Opinion
KA 04-01530.
June 9, 2006.
Appeal from a judgment of the Niagara County Court (Sara S. Sperrazza, J.), rendered May 7, 2004. The judgment convicted defendant, upon a jury verdict, of assault in the second degree and unlawful imprisonment in the second degree.
It is hereby ordered that the judgment so appealed from be and the same hereby is unanimously affirmed.
MICHAEL J. VIOLANTE, PUBLIC DEFENDER, LOCKPORT (MARY-JEAN BOWMAN OF COUNSEL), FOR DEFENDANT-APPELLANT.
MATTHEW J. MURPHY, III, DISTRICT ATTORNEY, LOCKPORT (THOMAS H. BRANDT OF COUNSEL), FOR PLAINTIFF-RESPONDENT.
Present: Hurlbutt, J.P., Gorski, Martoche, Smith and Hayes, JJ.
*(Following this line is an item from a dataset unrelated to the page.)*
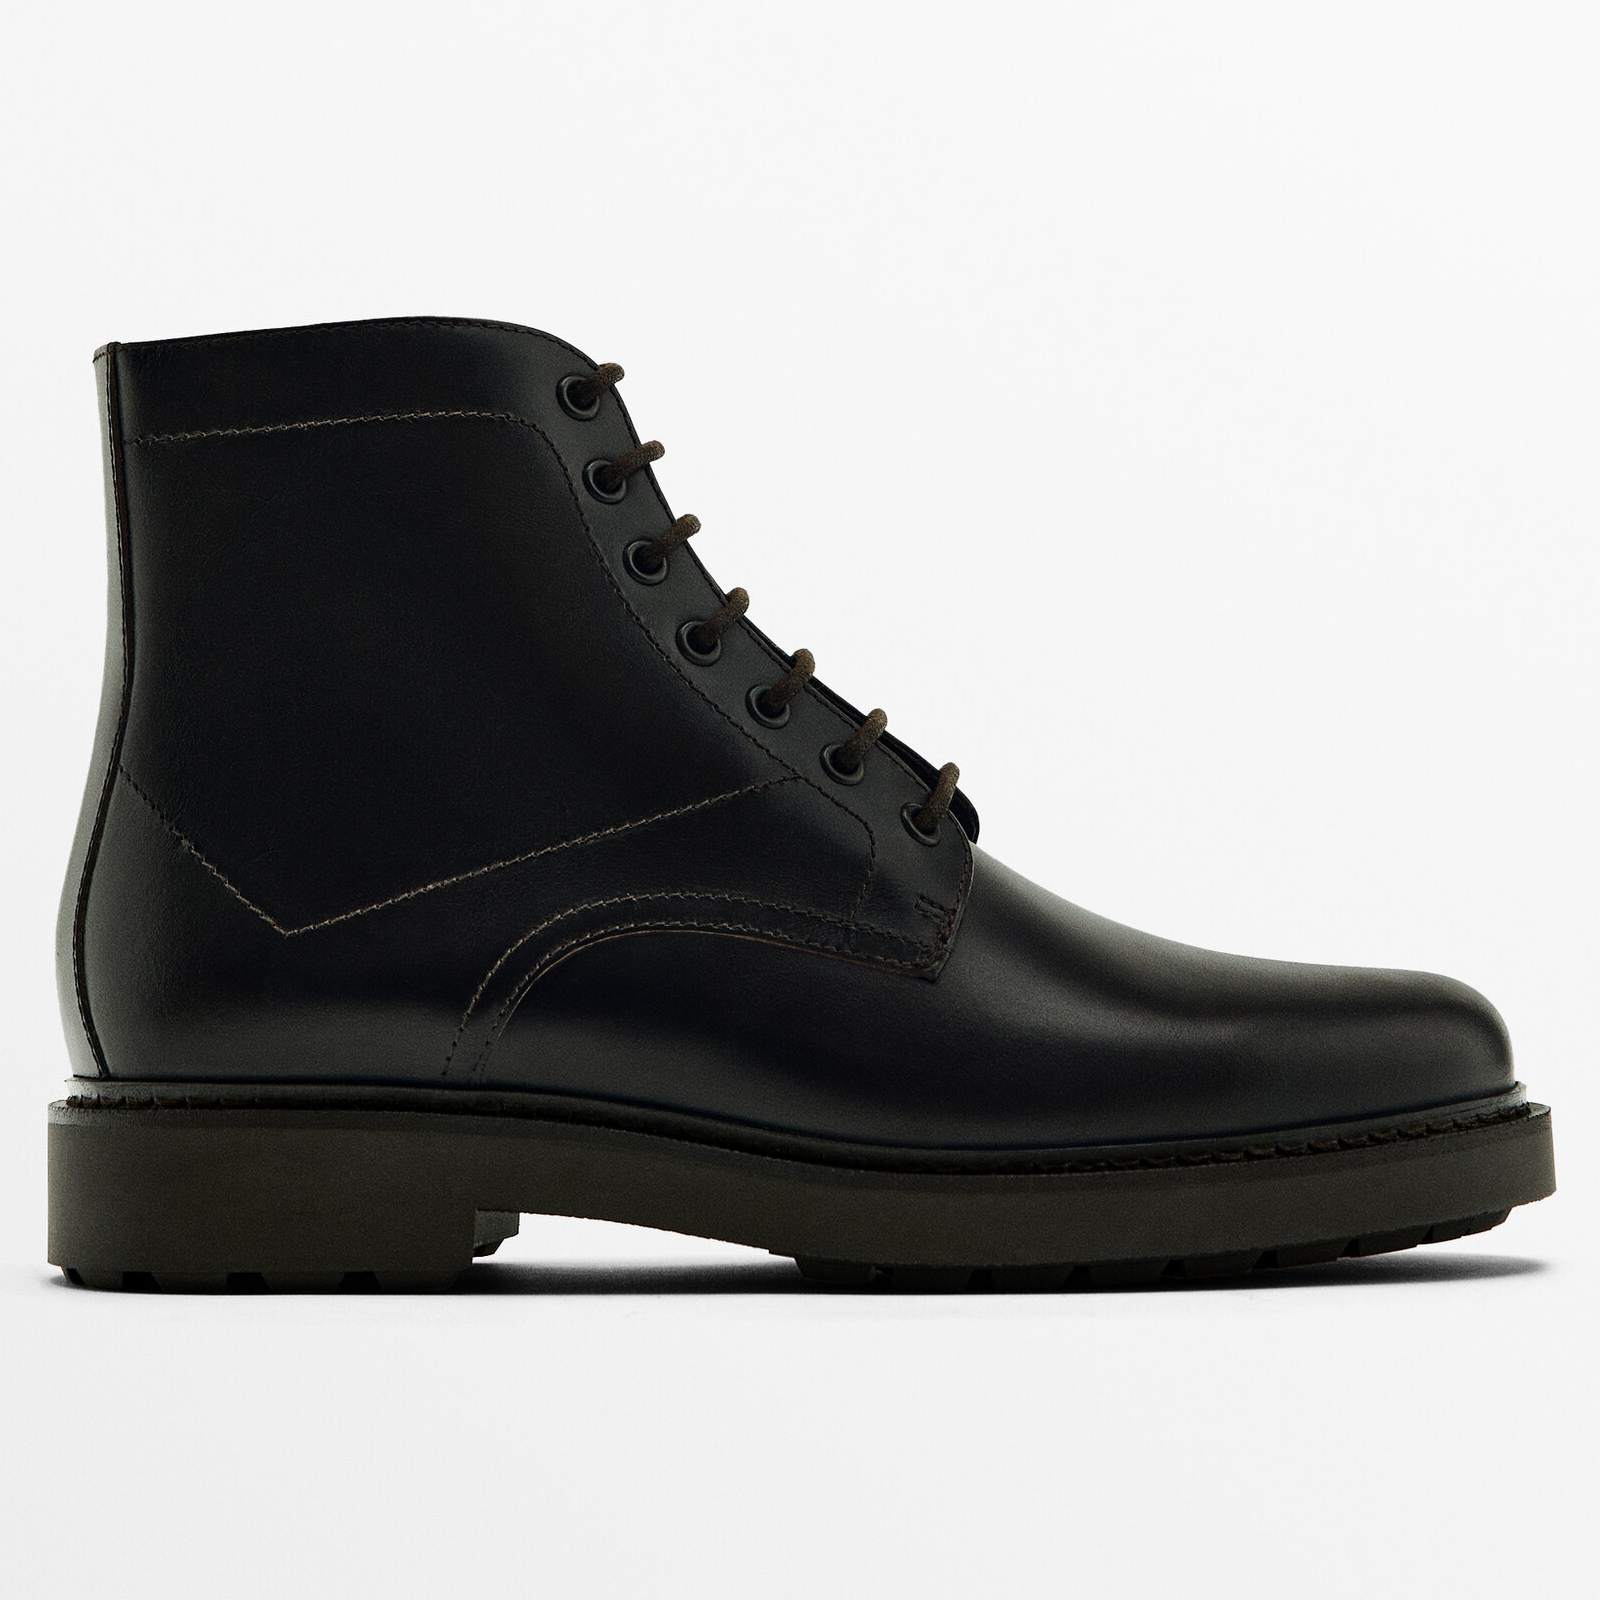 Ботинки Massimo Dutti Leather, темно-коричневый ботинки massimo dutti leather boots limited edition коричневый

Memorandum: Defendant appeals from a judgment convicting him after a jury trial of assault in the second degree (Penal Law § 120.05) and unlawful imprisonment in the second degree (§ 135.05). Defendant failed to renew his motion to dismiss at the close of the People's case after presenting evidence and thus failed to preserve for our review his contention that the assault conviction is not supported by legally sufficient evidence ( see People v. Hines, 97 NY2d 56, 61, rearg denied 97 NY2d 678; People v. Diefenbacher, 21 AD3d 1293, 1294, lv denied 6 NY3d 775). In any event, the People presented legally sufficient evidence establishing that the banister constituted a dangerous instrument when defendant struck the victim's head against it ( see People v. Galvin, 65 NY2d 761, 762-763; People v. Ellman, 309 AD2d 535, lv denied 1 NY3d 571; People v. Melville, 298 AD2d 601, lv denied 99 NY2d 617). Defendant also failed to preserve for our review his further contention that prosecutorial misconduct on summation requires reversal ( see People v. Early, 266 AD2d 881, 882, lv denied 94 NY2d 918). His contention is without merit in any event because the alleged misconduct was not so egregious as to deprive defendant of a fair trial ( see id.). The sentence is not unduly harsh or severe.